**YOUR OBJECTIVE**
Using the listing below, output only the lines from the one that contains "Infografika_TikTok_GetHero.jpg" through the one that contains "Main Image - Alexis", inclusive, exactly as given and without images.

**INPUT**
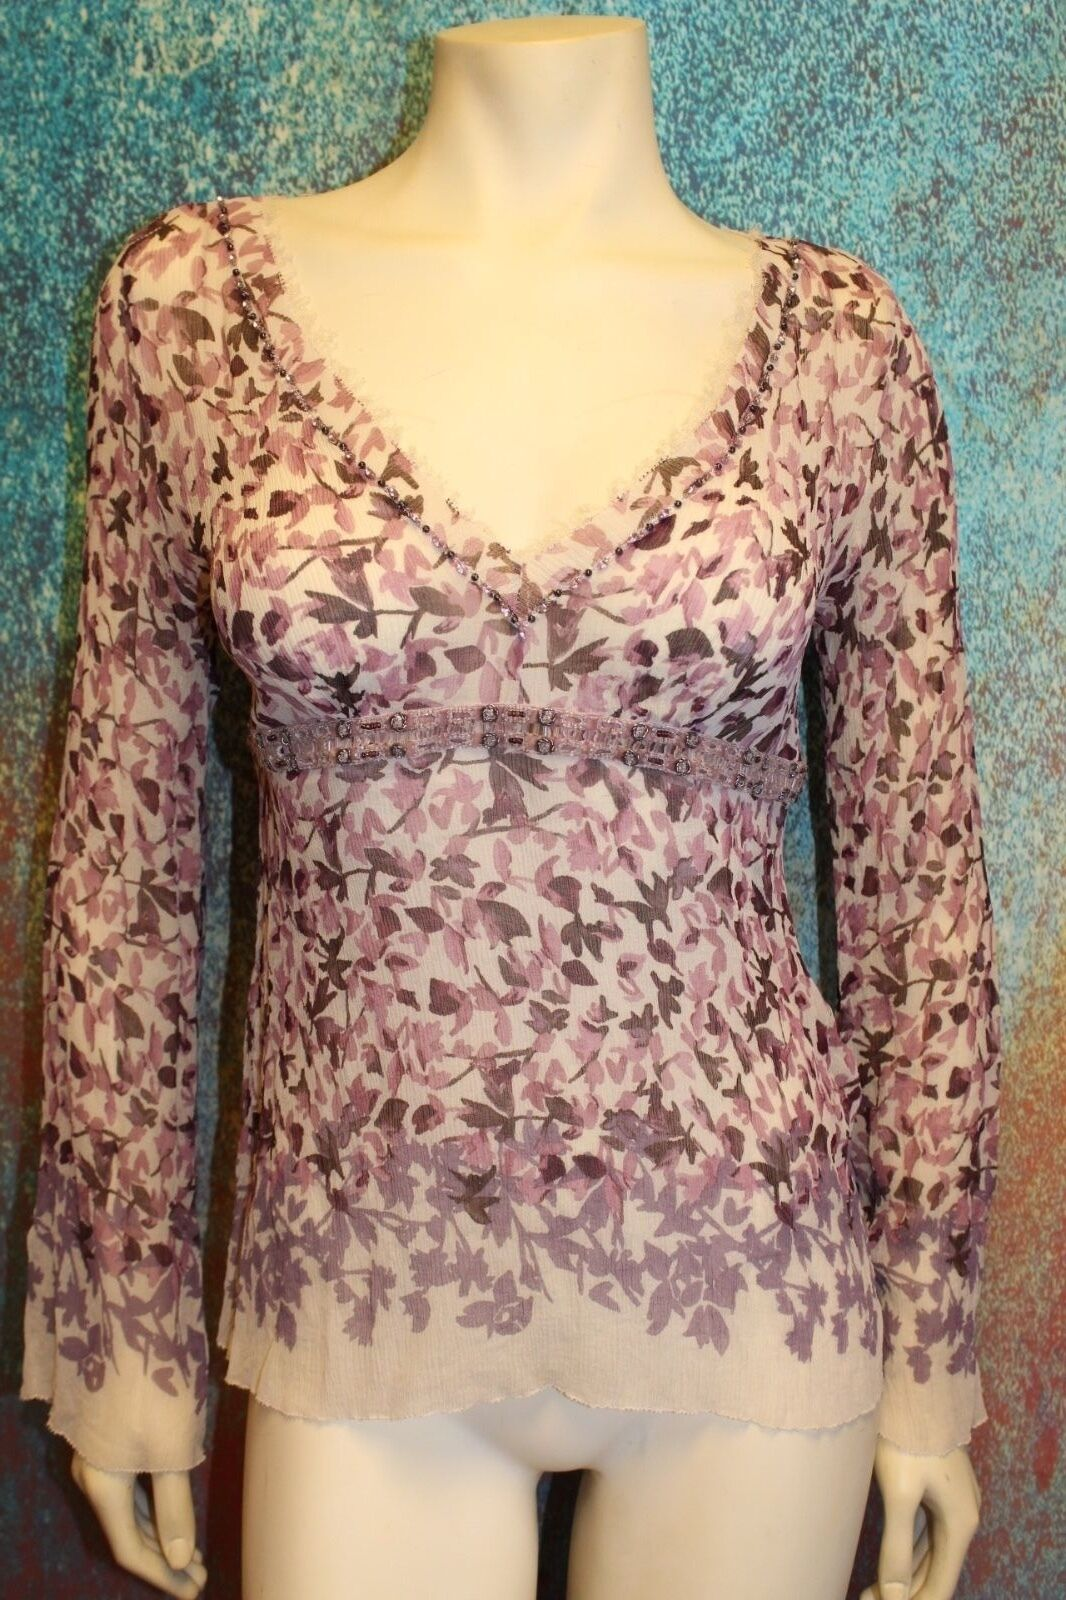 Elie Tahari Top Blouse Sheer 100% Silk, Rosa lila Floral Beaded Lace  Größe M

==

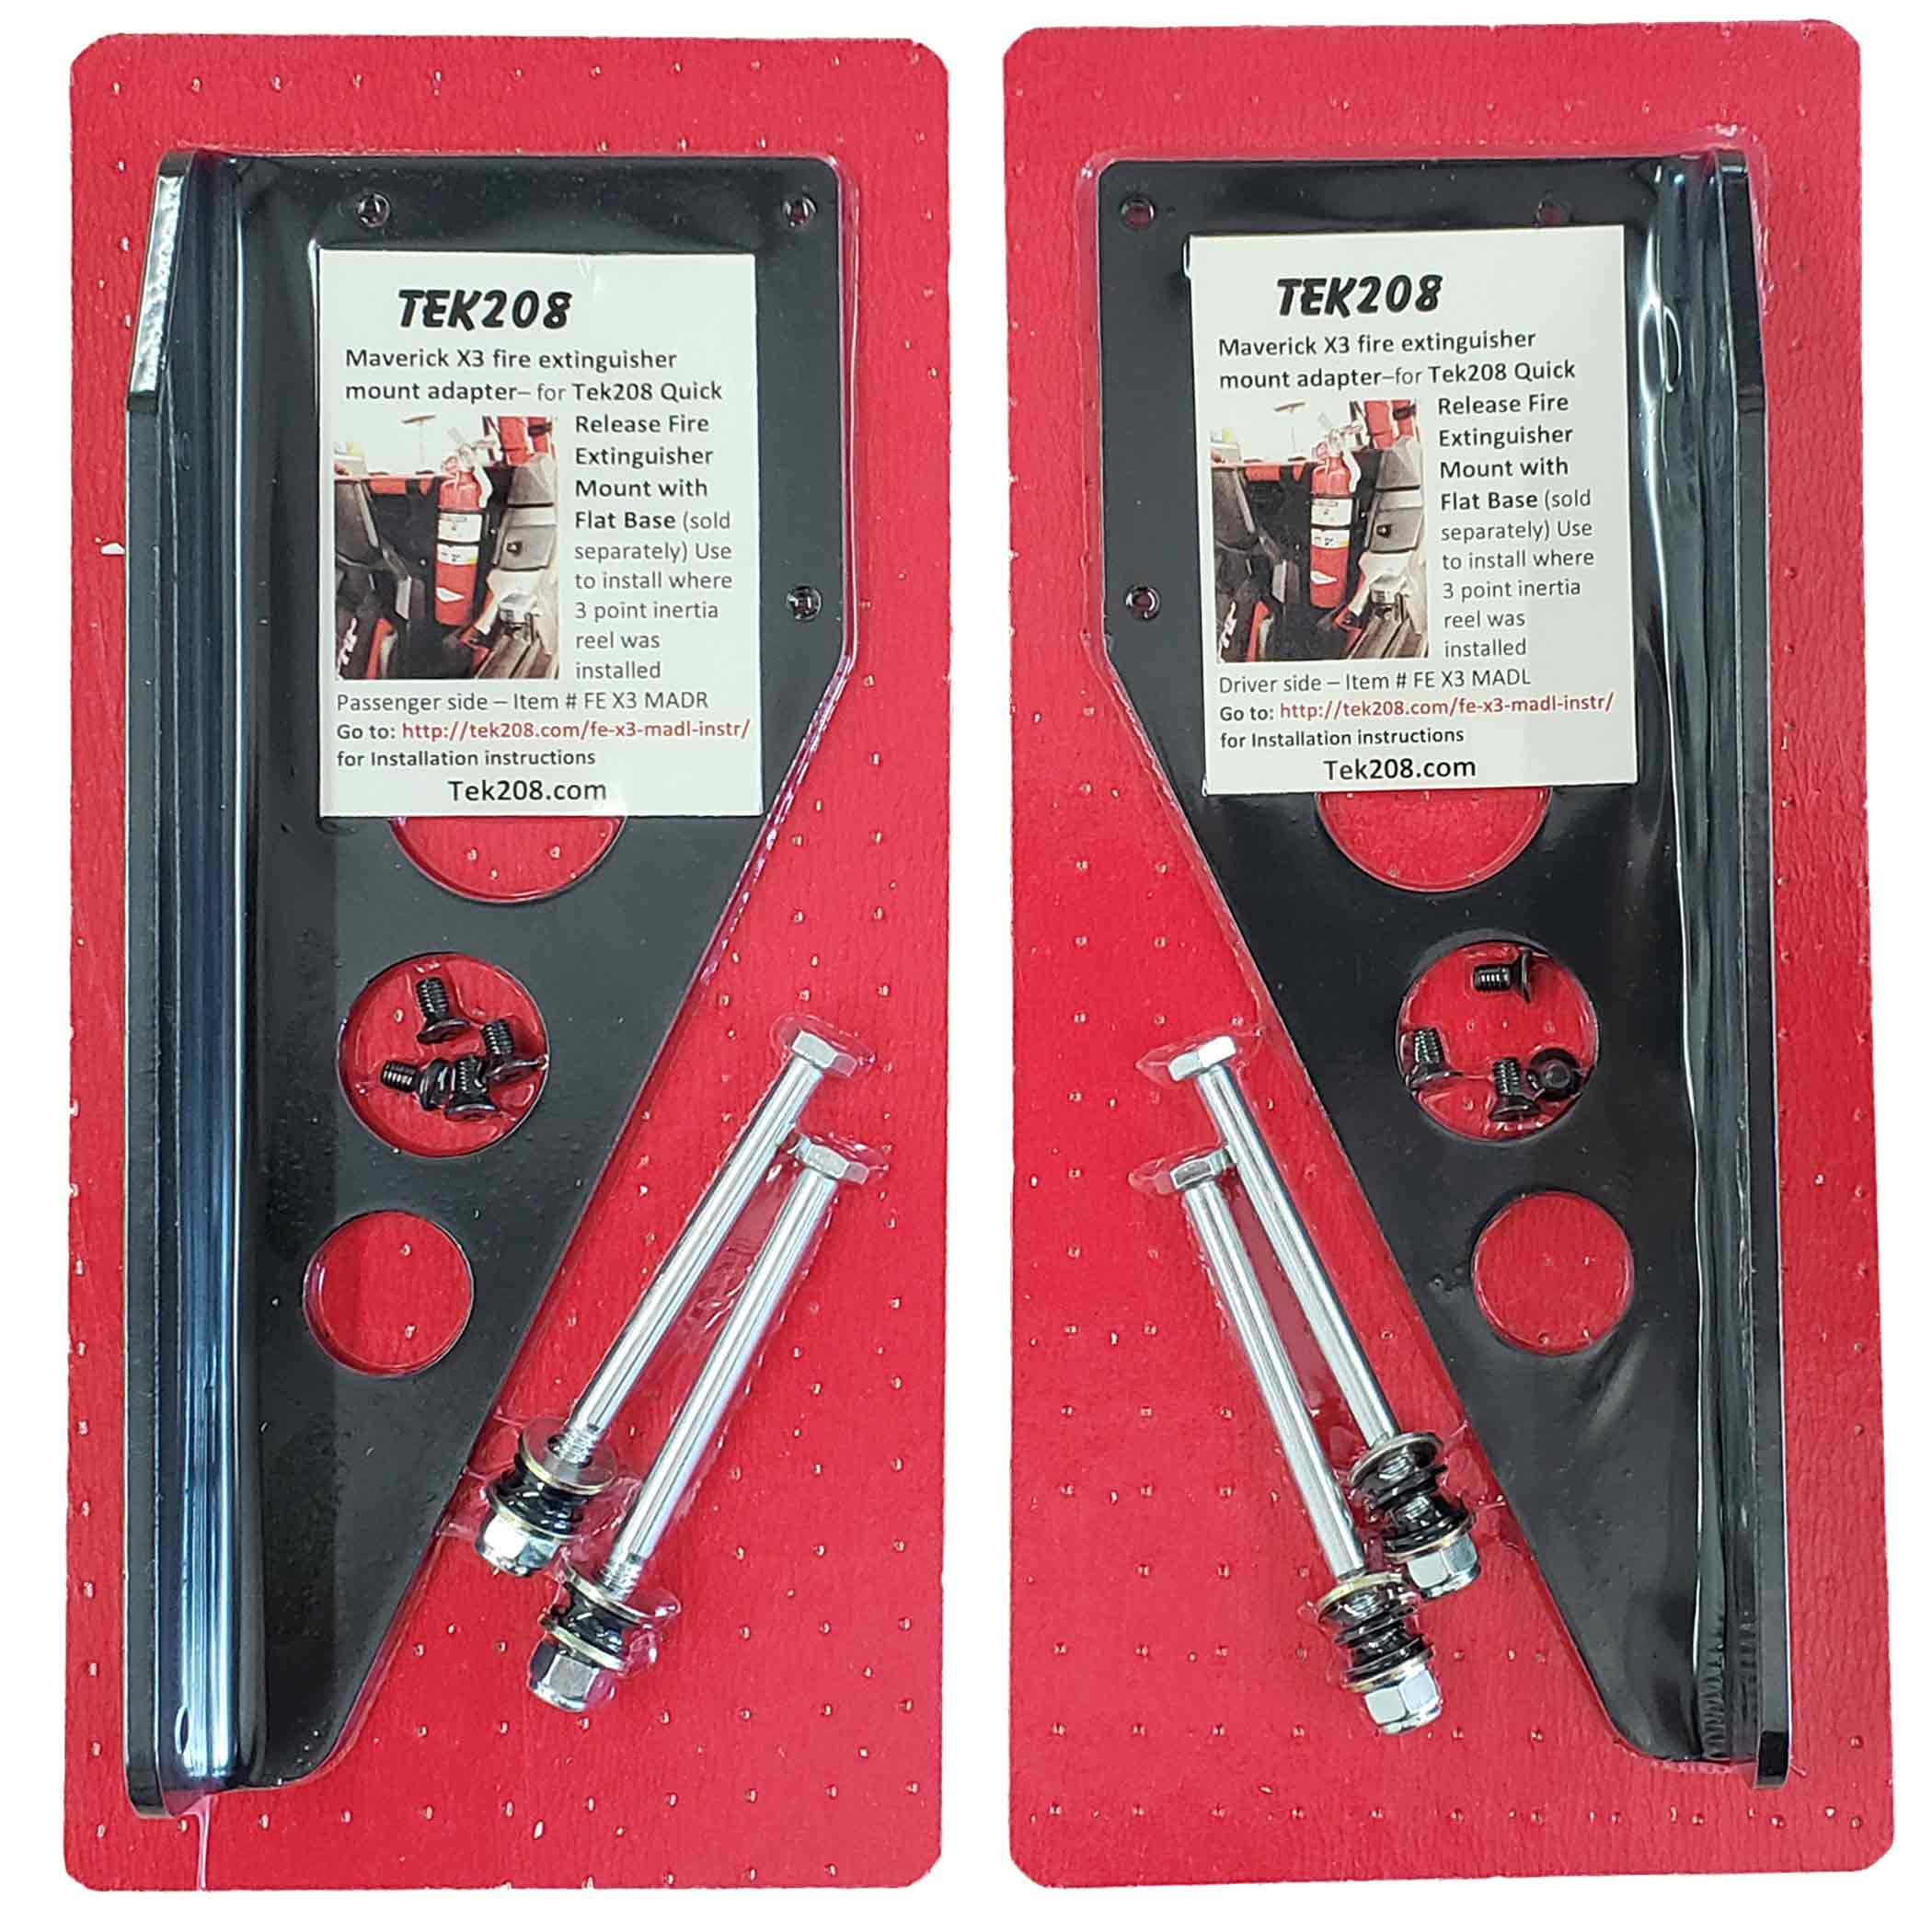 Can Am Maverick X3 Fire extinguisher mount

* * *

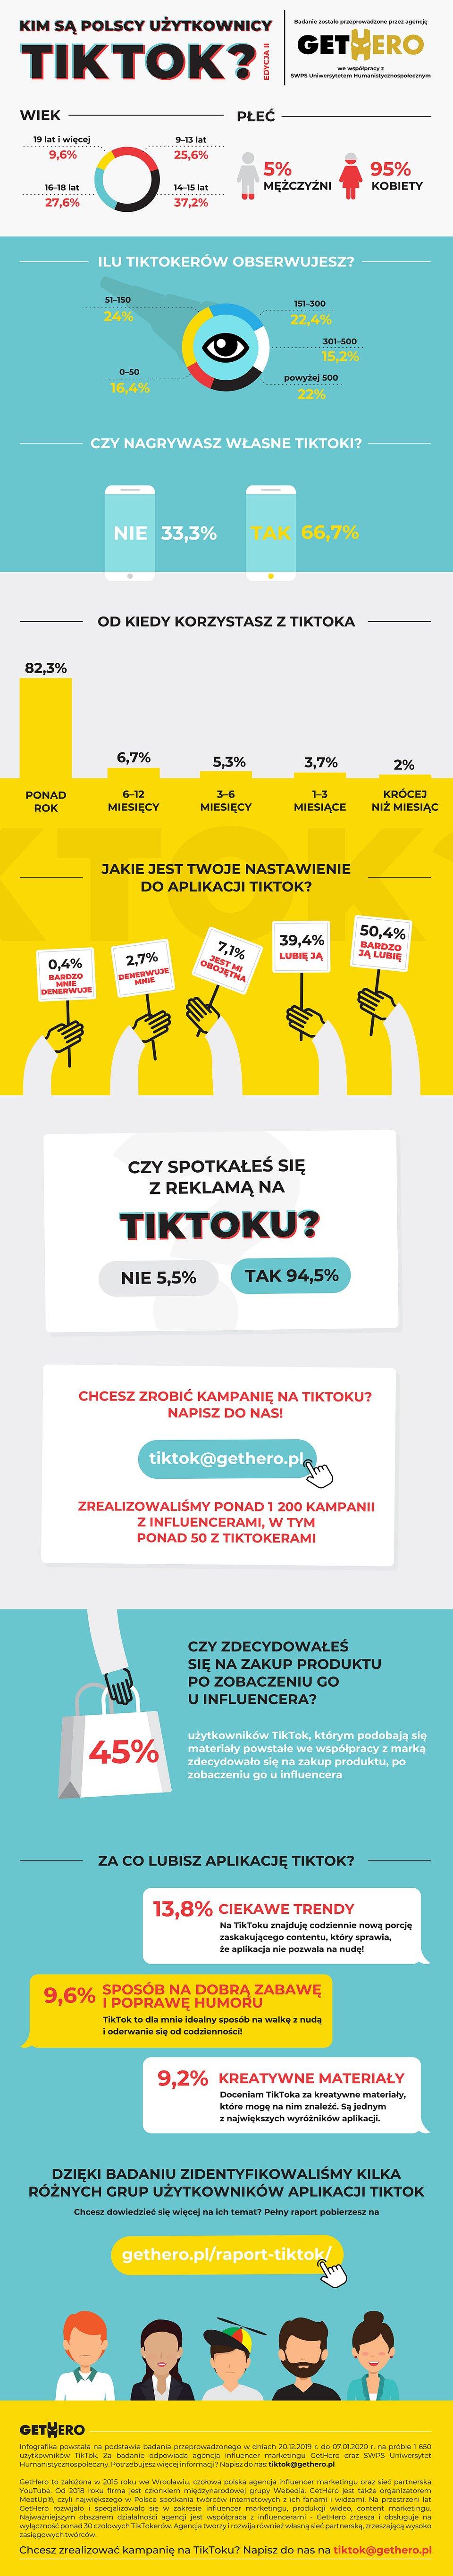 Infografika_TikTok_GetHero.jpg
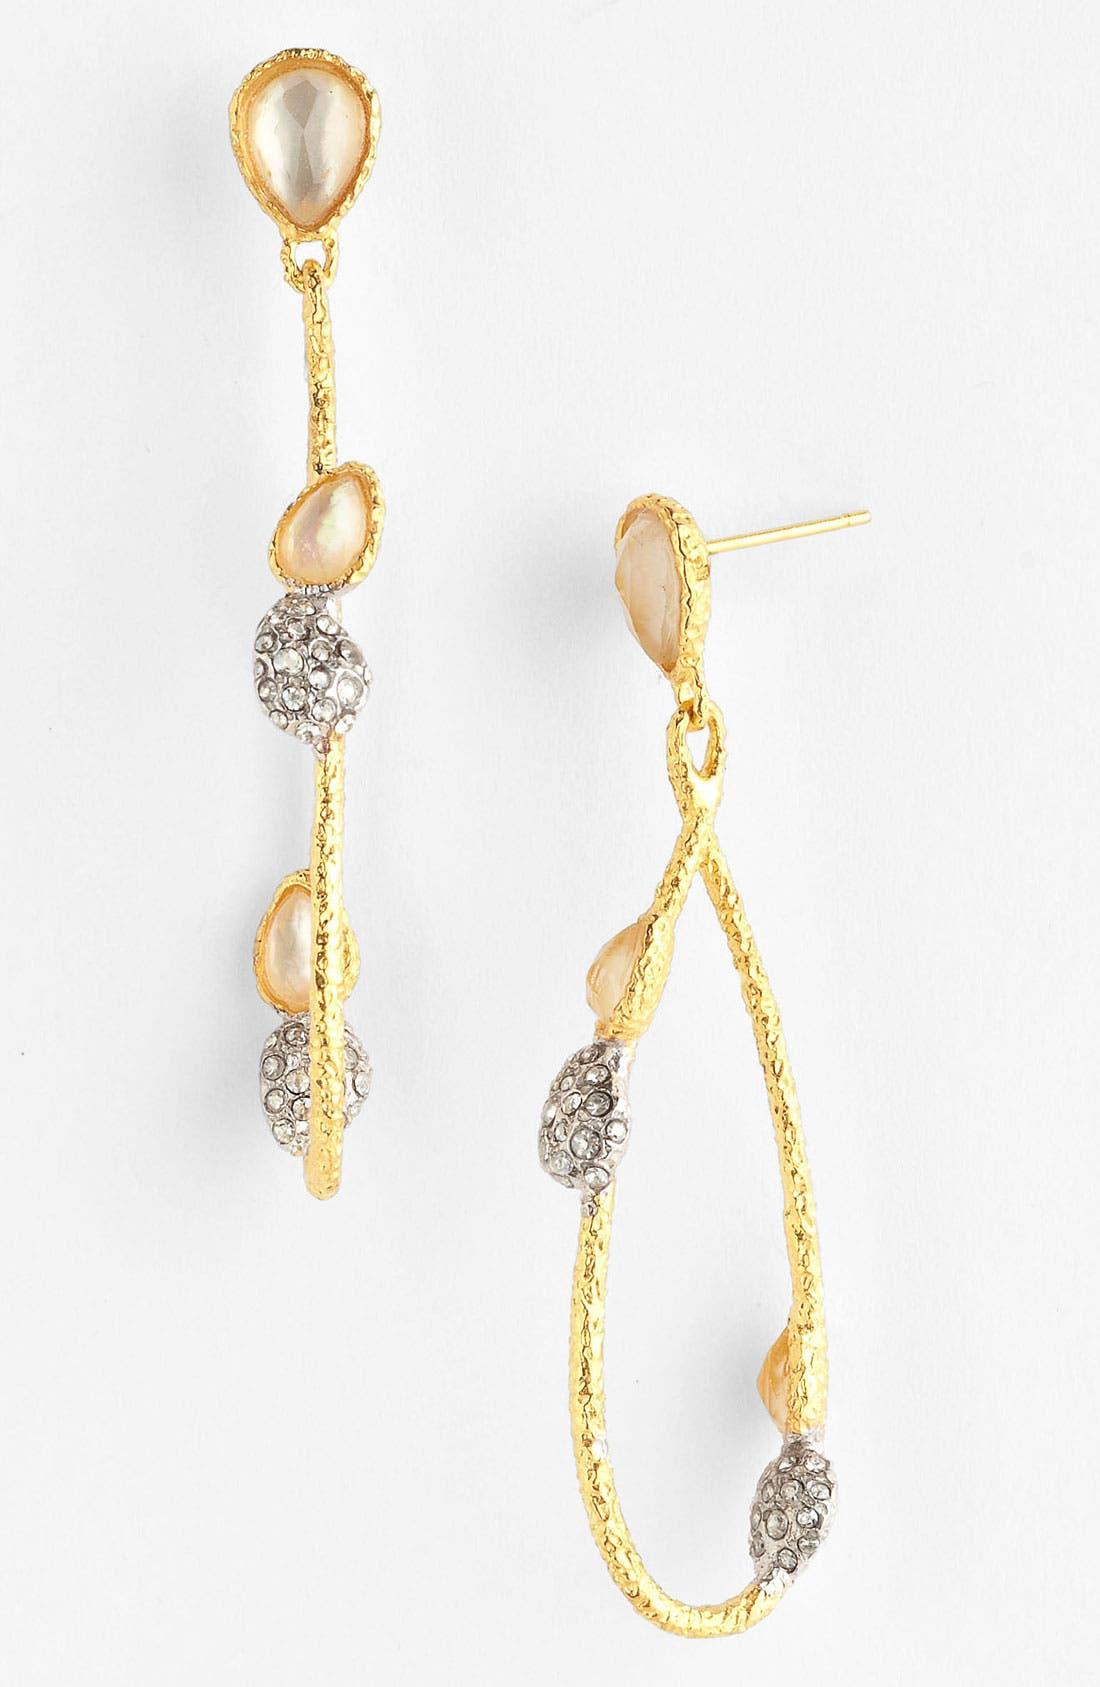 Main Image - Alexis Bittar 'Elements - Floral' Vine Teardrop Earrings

**RESULT**
 Infografika_TikTok_GetHero.jpg
 Main Image - Alexis Bittar 'Elements - Floral' Vine Teardrop Earrings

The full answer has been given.